Hi, I know VE is no VSX but this is the closest section to my issue. SOrry my first port is a request for info

My work want run run GAIA R75.40vs; but the appliance costs are stupidly high. I have found recomended hardware for R67, but nothing for R75.40vs. I need a server capable or hosting 20 lightly used VS's with IPS and preferably have 10G interfaces.

Any recomendations?

Thanks

[bmolnar]

Hi, I know VE is no VSX but this is the closest section to my issue. SOrry my first port is a request for info

My work want run run GAIA R75.40vs; but the appliance costs are stupidly high. I have found recomended hardware for R67, but nothing for R75.40vs. I need a server capable or hosting 20 lightly used VS's with IPS and preferably have 10G interfaces.

Any recomendations?

Thanks

Both Dell and HP seem to be the most used and supported Open Server by Check Point and both support 10gb NICs. I'd suggest at least 8gb of RAM (RAM is cheap), the CPU is up to you (just disable HT). Obviously the faster CPU(s) you have, the better your server will perform. For a Dell server, get a R710 with the X520 NIC. For an HP, get a DL380 G7 with a NC550SFP nic.

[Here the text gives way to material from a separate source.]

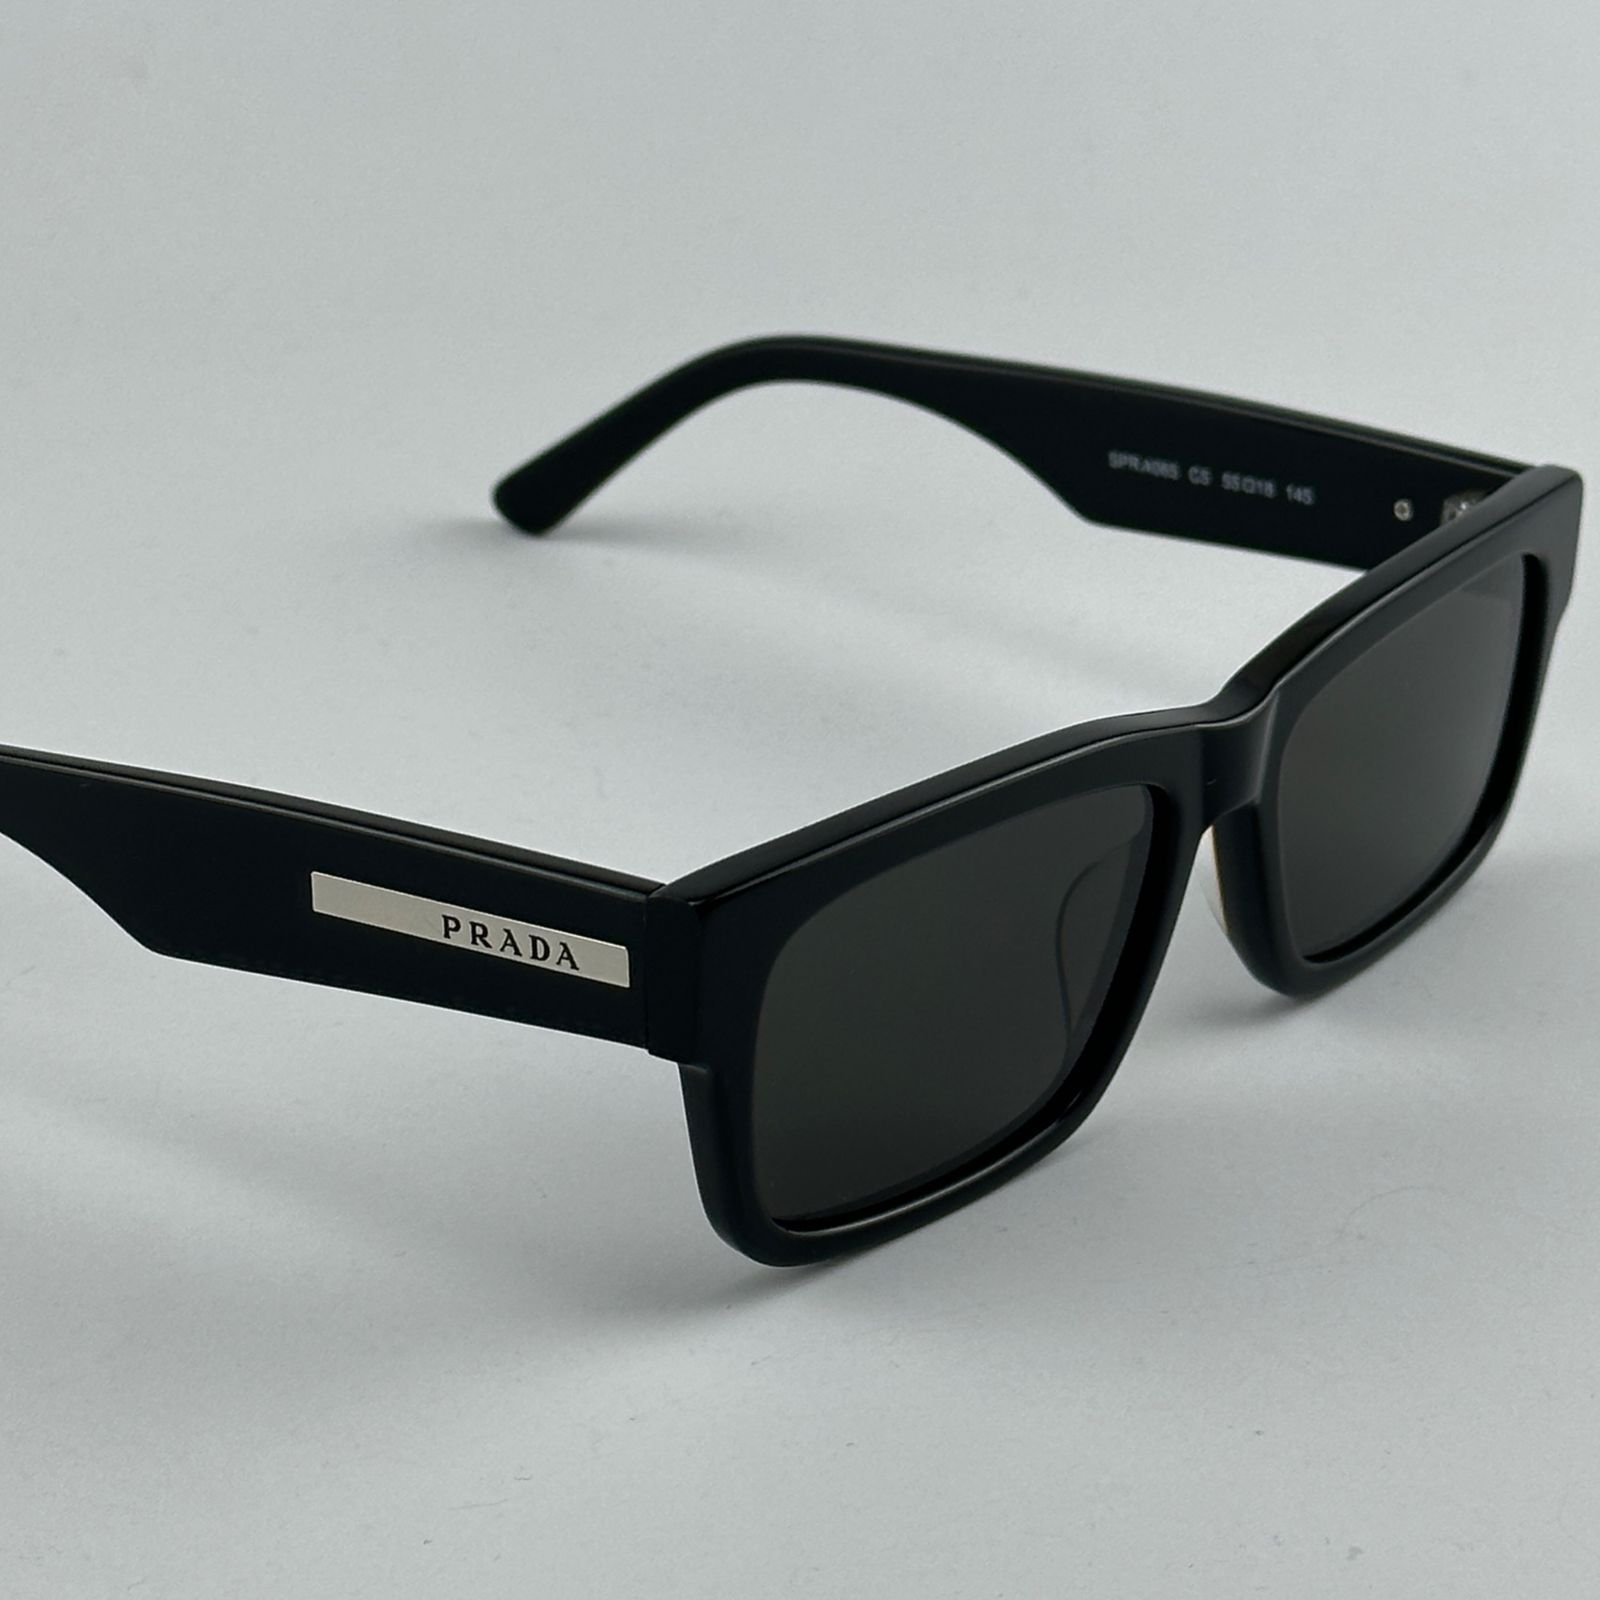 عینک آفتابی پرادا مدل SPR A065 C5 -  - 3

There are a couple places you can check to find out what the actual appliance specs are if you were consider using them as a reference point

[ra3ac]

Thanks for the reply. The open servers are more cost effective but I'm struggling to find info on how many VS's an open server can handle.

Initially we only need 20 VS's but I don't know our future needs - it may be worth paying the extra for an appliance just for scalability.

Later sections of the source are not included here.